If the recent five-year boom in solar energy marked the birth of a global industry, the next half-decade should be its coming of age. But like most adolescents, solar is experiencing growing pains. The economic crisis has weakened demand for everything from polysilicon to rooftop panels, just as manufacturers have spent billions expanding production. The overcapacity has caused prices to plummet and left the industry financially exposed. A number of companies—especially startups—may not survive a shakeout that could last 18 months or longer.
The causes of the downturn are complex and interrelated. As the price of oil plunged from its peak last summer, solar and other forms of renewable energy became relatively less cost-competitive—dampening demand from industrial, commercial, and residential customers. At the same time, the credit squeeze has made it harder for customers, whether power companies or energy-conscious homeowners, to finance solar projects. Some also are holding back in anticipation that solar equipment prices will fall even further.
Consider the story of Peng Xiaofeng, chairman of China's LDK Solar (LDK), a maker of solar wafers. During a recent trip to Europe, he toured major solar projects that have been, in some cases, on the drawing boards for two to three years. "They're all delayed," Peng says."I don't think they'll be ready [even] in 2010 or 2011."
Trimmed SubsidiesThe industry impact has been swift. After increasing at roughly 50% annually every year since 2004, the overall market for new solar installations could slow to just 15% growth in 2009, according to analyst estimates. Retail prices for photovoltaic (PV) panels may fall by as much as one-third in 2009 because of a continued glut. Adding to the gloom: Spain and Germany, the world's top two markets for PV panels, have recently trimmed the subsidies they offered to jump-start local industries. "We're moving from a seller's to a buyer's market," says Adel El Gammal, secretary general of the European Photovoltaic Industry Assn. (EPIA).

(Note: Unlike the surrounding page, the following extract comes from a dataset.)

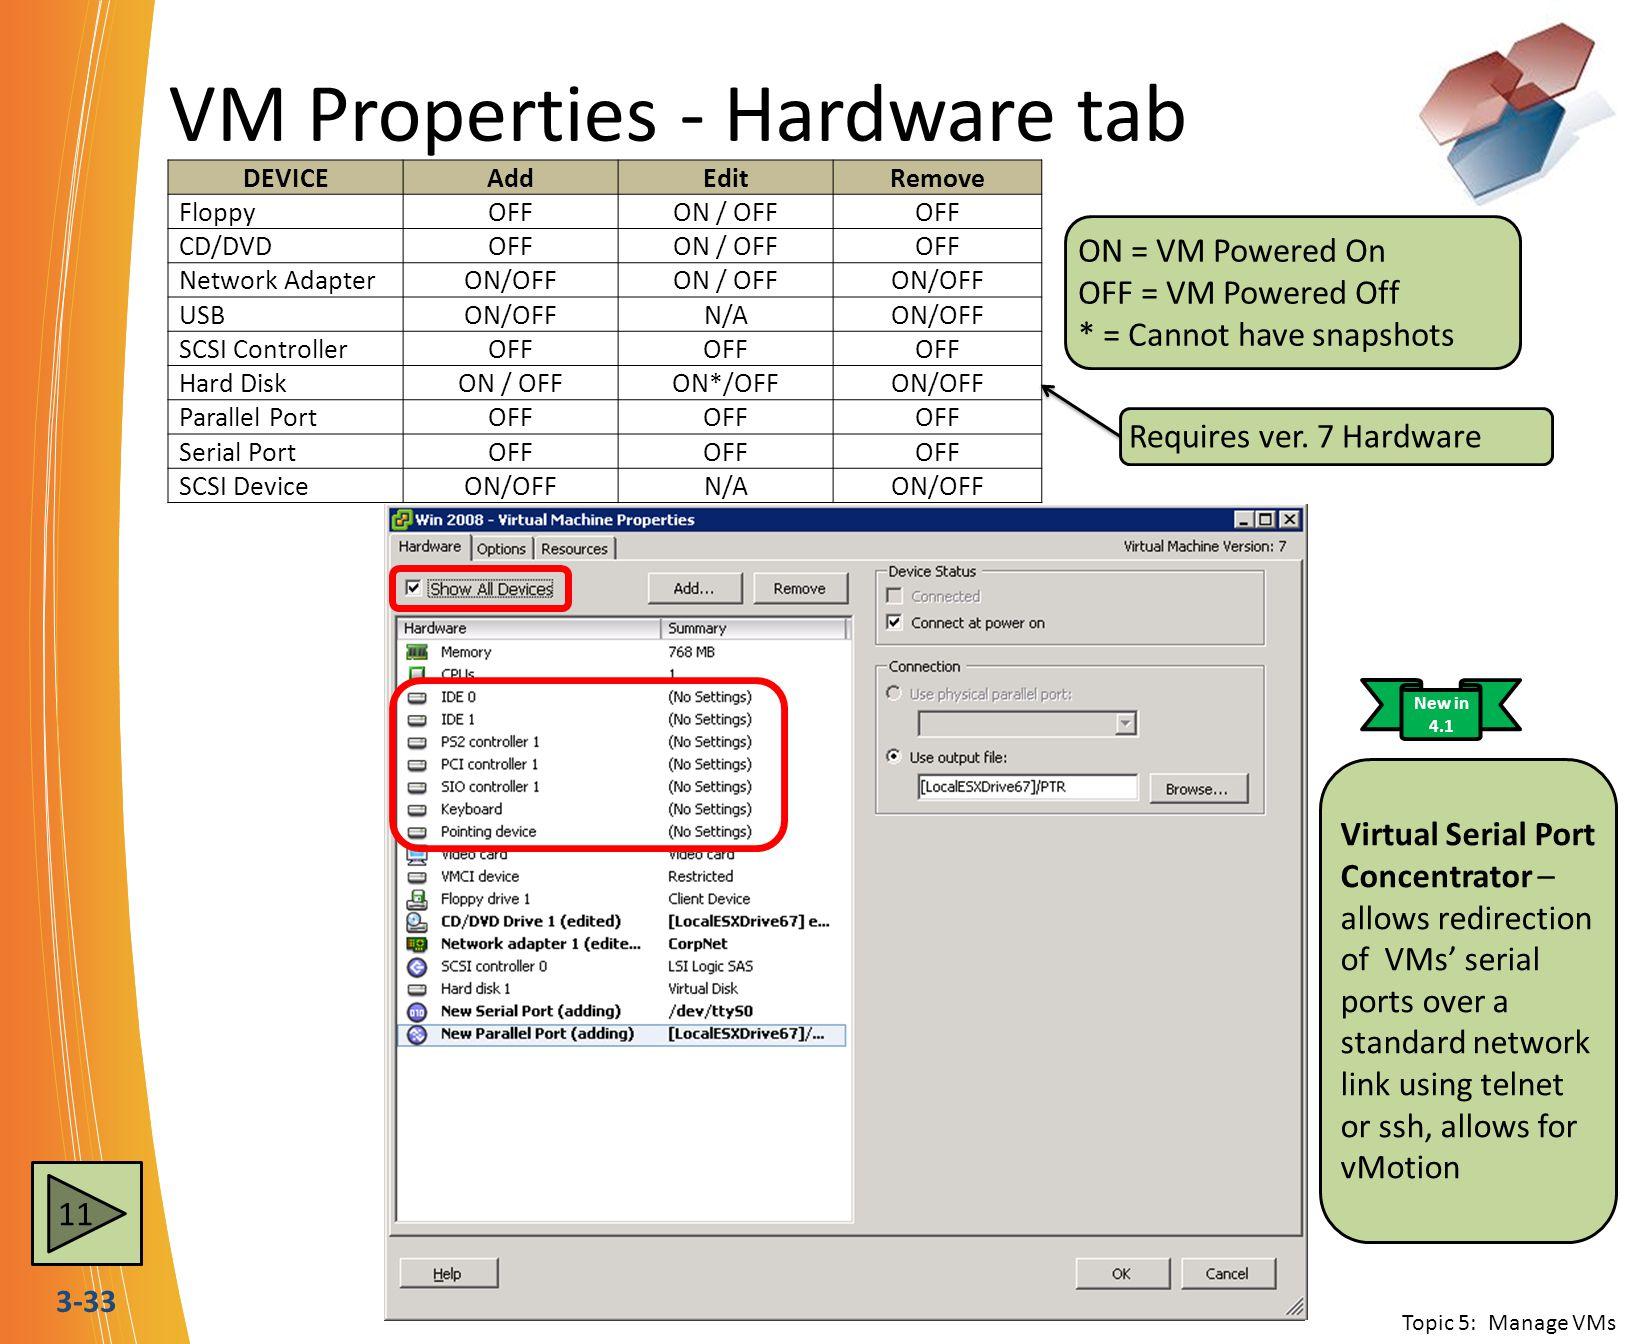 3-33 VM Properties - Hardware tab Topic 5: Manage VMs DEVICEAddEditRemove FloppyOFFON / OFFOFF CD/DVDOFFON / OFFOFF Network AdapterON/OFF USBON/OFFN/A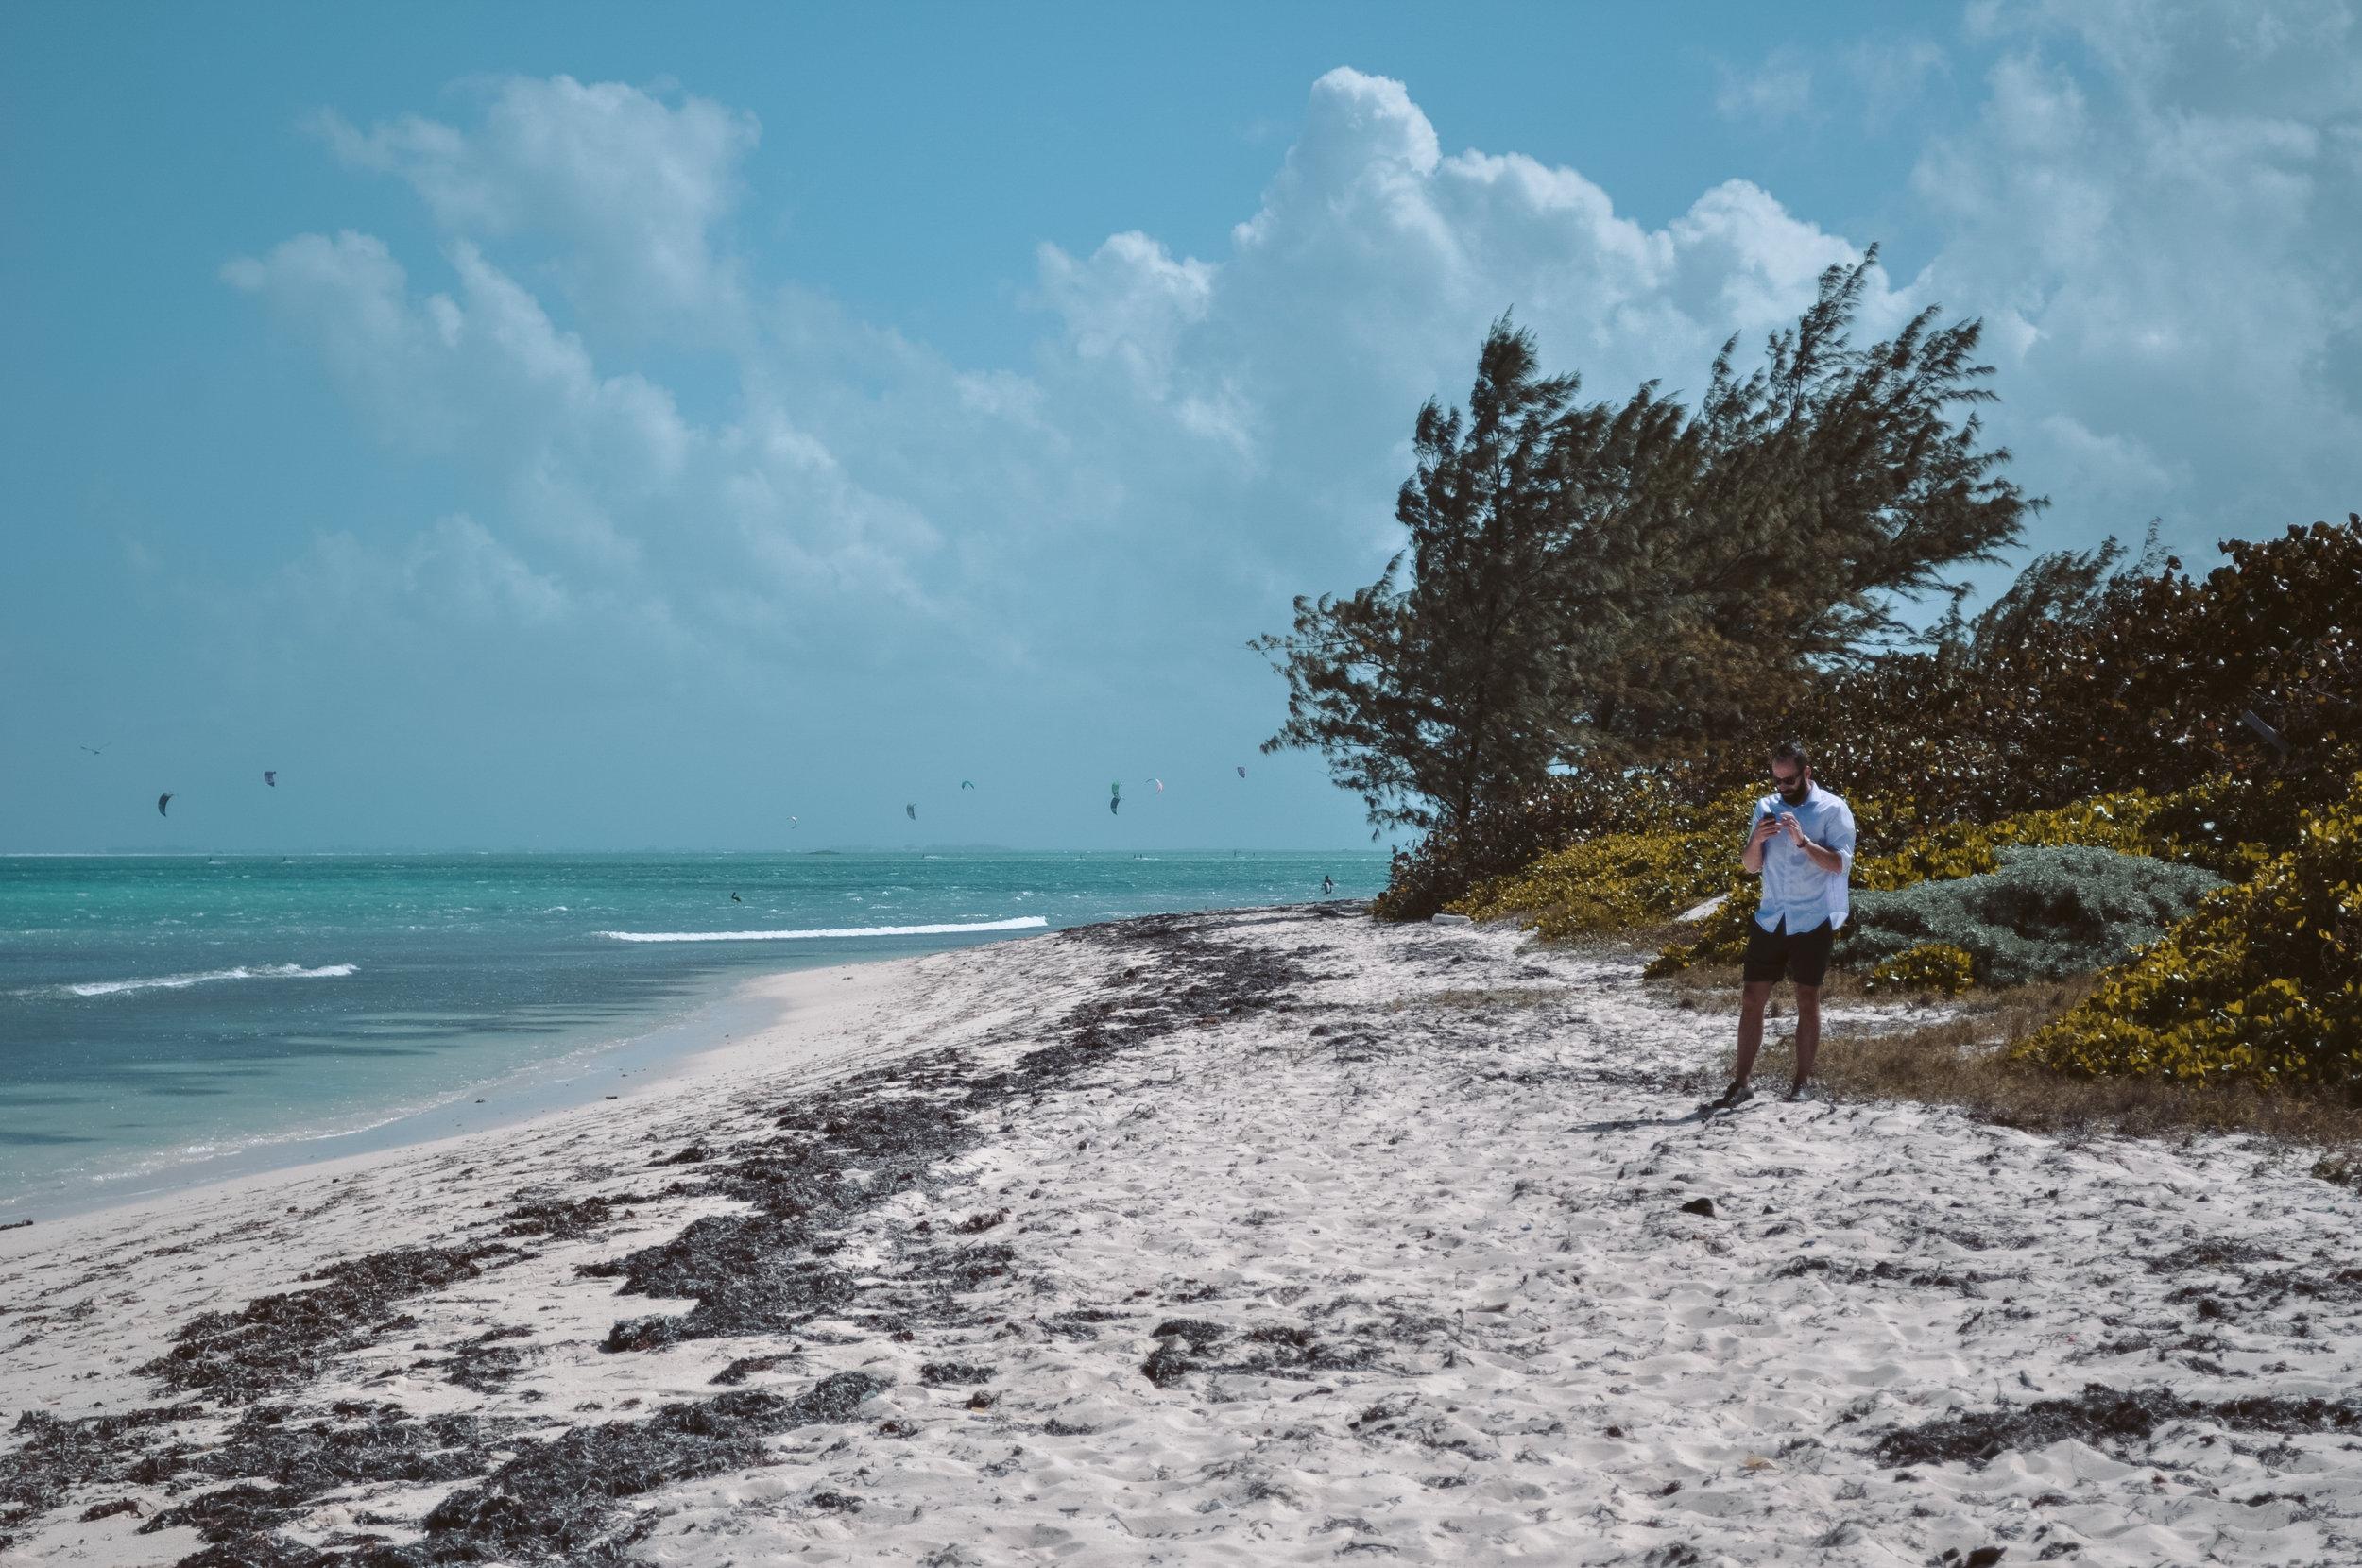 Cayman-01-11.jpg

Shares in major solar players reflect the brutal turn of events. The Claymore/MAC Global Solar Energy Index (TAN) has dropped 71% since its launch on Apr. 15 this year, and some leading companies have fared even worse. China's SunTech (STP)—founded in 2001 and now the world's largest manufacturer by revenue of PV cells, the basic building-block of panels that convert sunlight to electricity—has seen its stock plunge almost 90% since the start of 2008. Shares in Germany's Q-Cells (QCEG.DE), the global leader in PV cells by volume, have fallen more than 80% over the same period.
Despite this carnage, industry observers remain bullish on solar's longer-term prospects. As the price of panels drops in the next 12 to 18 months, solar power will become more attractive compared with other forms of energy. Consolidation among companies in the industry—especially as weaker players drop out or get acquired—also should lower costs and improve profitability.
All told, figures energy consultancy Navigants (NCI), the total amount of electricity produced worldwide via solar should soar from 3 gigawatts this year to 15 GW in 2012, the equivalent of 19 coal-fired power plants. Beyond the immediate period, says the EPIA's El Gammal, "the fundamentals are intact. There's no option but a very fast growth rate."